Switzerland will have to do something it is not very good at when the 2005 World Expo opens in Japan on Friday: fight to make its voice heard.This content was published on March 17, 2005 - 01:54
That’s the view of Martin Heller, the former artistic director of the Swiss national exhibition, Expo.02.
This year’s World Expo, being staged between March and September just outside the Japanese city of Nagoya, is the first global exhibition of the 21st century.
The Swiss government has invested SFr15 million ($12.8 million) on its presence at the event. The country’s pavilion – built in the shape of a mountain - will be competing with those of more than 120 other nations for the attention of an estimated 15 million visitors.
Switzerland has a less than auspicious track record when it comes to presenting itself on the global cultural stage.
One of its most controversial appearances was at the 1992 World Exhibition in Seville.
The Swiss pavilion’s slogan – "Switzerland does not exist" – was lampooned in the domestic press and criticised by politicians.
In an interview with swissinfo, Heller assesses past performances and offers some last-minute advice to organisers of the Swiss pavilion in Japan.
swissinfo: How well does Switzerland represent itself at world exhibitions?
Martin Heller: Well, I can’t give you an all-encompassing answer to that question. Perhaps the best way of summing it up is to talk of opportunities – some of them missed and others seized.
swissinfo: Why is it that Switzerland always seems to have problems with such exhibitions?
M.H.: I think we find it tremendously difficult to present ourselves in a particularly focused way. This has something to do with the fact that Switzerland is still under the impression that it does not have to fight for the attention of the world.
In Switzerland, more so than elsewhere, we also tend to be sceptical about putting our trust in a high-profile personality to handle the country’s appearance at world exhibitions.
Politicians in particular often cry foul when they think that what they are seeing is defeatist criticism of Switzerland... and they [find it impossible to] concede that artists and architects very often have a much better understanding of what works at such events.
swissinfo: Isn't taking part in a world exhibition essentially about advertising or selling yourself?
M.H.: Yes, and just like in advertising you have to compete to get your message across.
But there’s more to it than that: you have to get your message across within the very specific medium of a world exhibition. Visitors to these events are often tired and have seen and heard a lot while walking around. They expect you to offer them something. And by that I mean more than just trivial entertainment or information. It’s about engaging with people on a personal level, and inviting them into a place where they feel welcomed.

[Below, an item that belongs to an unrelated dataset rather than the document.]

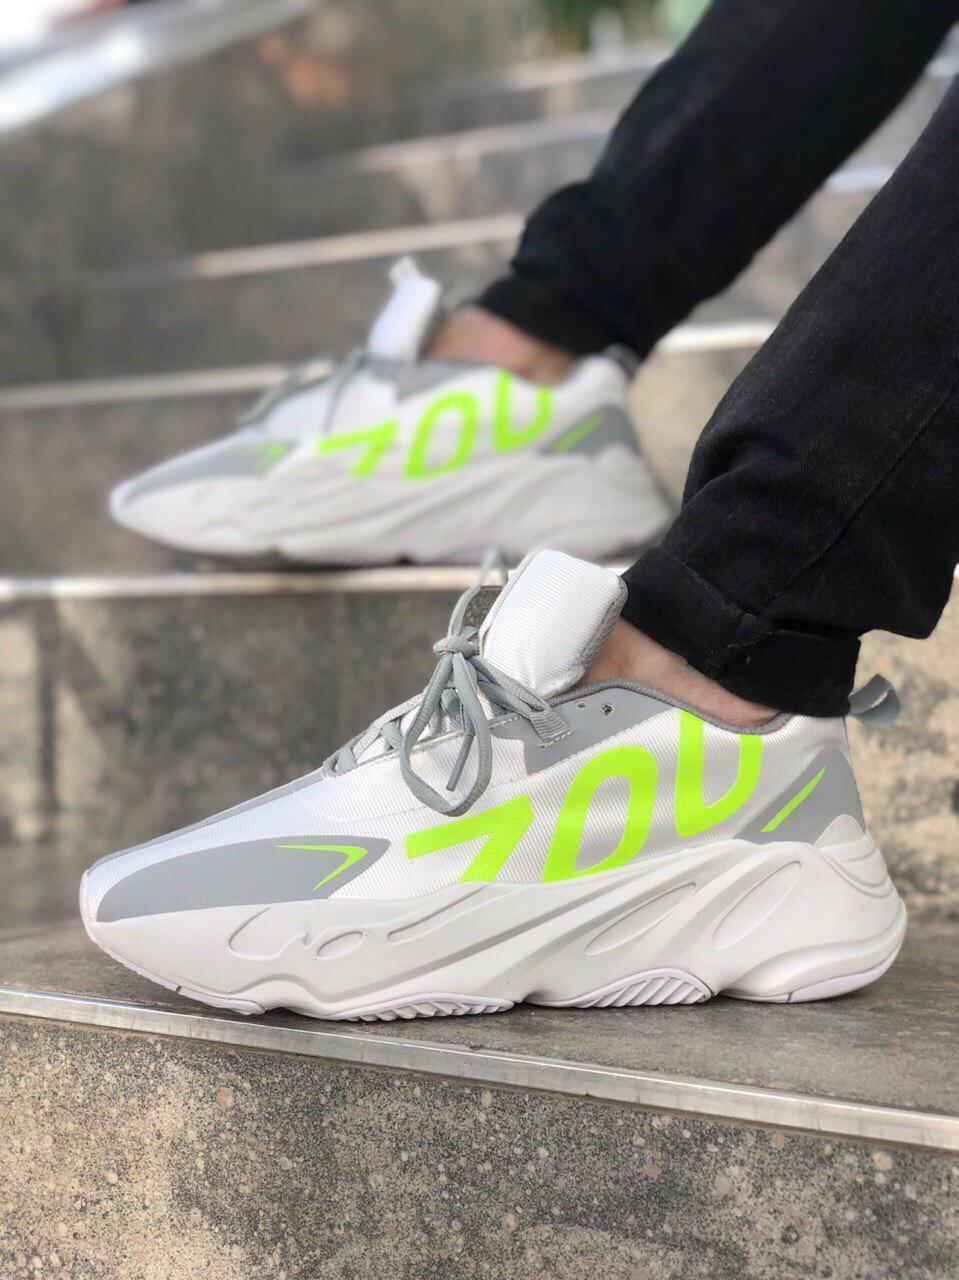 Мужские кроссовки adidas yeezy 700(Адидас Изи 700)

swissinfo: The Swiss pavilion at the 1992 World Exhibition in Seville set out to provoke with the slogan "Switzerland does not exist". This backfired somewhat...
M.H.: [You’ve got to bear in mind] that the competition [for visitors] is hard at global exhibitions.
The self-centredness at home, where nobody talked about anything else but this one small phrase, took on a completely different perspective when you turned up at the exhibition itself and saw that the Swiss pavilion was competing for attention with 50 others.
The reaction to the Swiss pavilion from visitors who came to Seville was nothing like the reaction back home. At the expo itself, the slogan was seen as no more than an amusing invitation to reflect on a country which many people didn’t even know existed. And indeed this invitation was received warmly by the majority of people [who visited the Swiss pavilion].
swissinfo: Switzerland is calling its pavilion at the 2005 World Expo "The Mountain". Isn’t this clichéd image of Switzerland something of a step backwards?
M.H.: I don’t think so. The problem – but also the challenge – with world exhibitions is that they only come along every few years and so you don’t have much opportunity to develop the way you present your country.
This time around, a whole new generation of people are involved. I know the designers who are working [on the Swiss pavilion] in Aichi. They are tackling the task in hand in their own way and have a different concept of what the clichés are all about.
The fact that they are putting this together in Japan creates a completely different dimension. The 2005 Expo is taking place in a place where playing with traditional clichés is completely justified.
swissinfo: If you were a Japanese visiting the Expo, what would you expect to see in the Swiss pavilion?
M.H.: If I were a Japanese, and if I had spent the entire day walking around the Expo site in Aichi, I would be expecting to see something... that sums up what Switzerland is about.
I have to say that [at the last World Expo in 2000] in Hanover I found that there was very little substance to the Japanese pavilion. But I was impressed by the whole paper architecture, because this for me was one of the things that Japan stood for. So for this reason alone I can still remember that particular pavilion.
At the end of the day it always boils down to the same thing: get your message across in a way that will stay in the minds of visitors. In short, have something that makes you stand out.
swissinfo-interview: Christian Raaflaub
Born in 1952, Martin Heller is an art historian and ethnologist.
1989: director of the Museum of Design in Zurich.
1997: director of the Bellerive Museum in the same city.
1999-2003: artistic director of Expo.02, the 2002 Swiss national exhibition.
May 2003: artistic director of the German city of Bremen’s bid to become a European city of culture in 2010.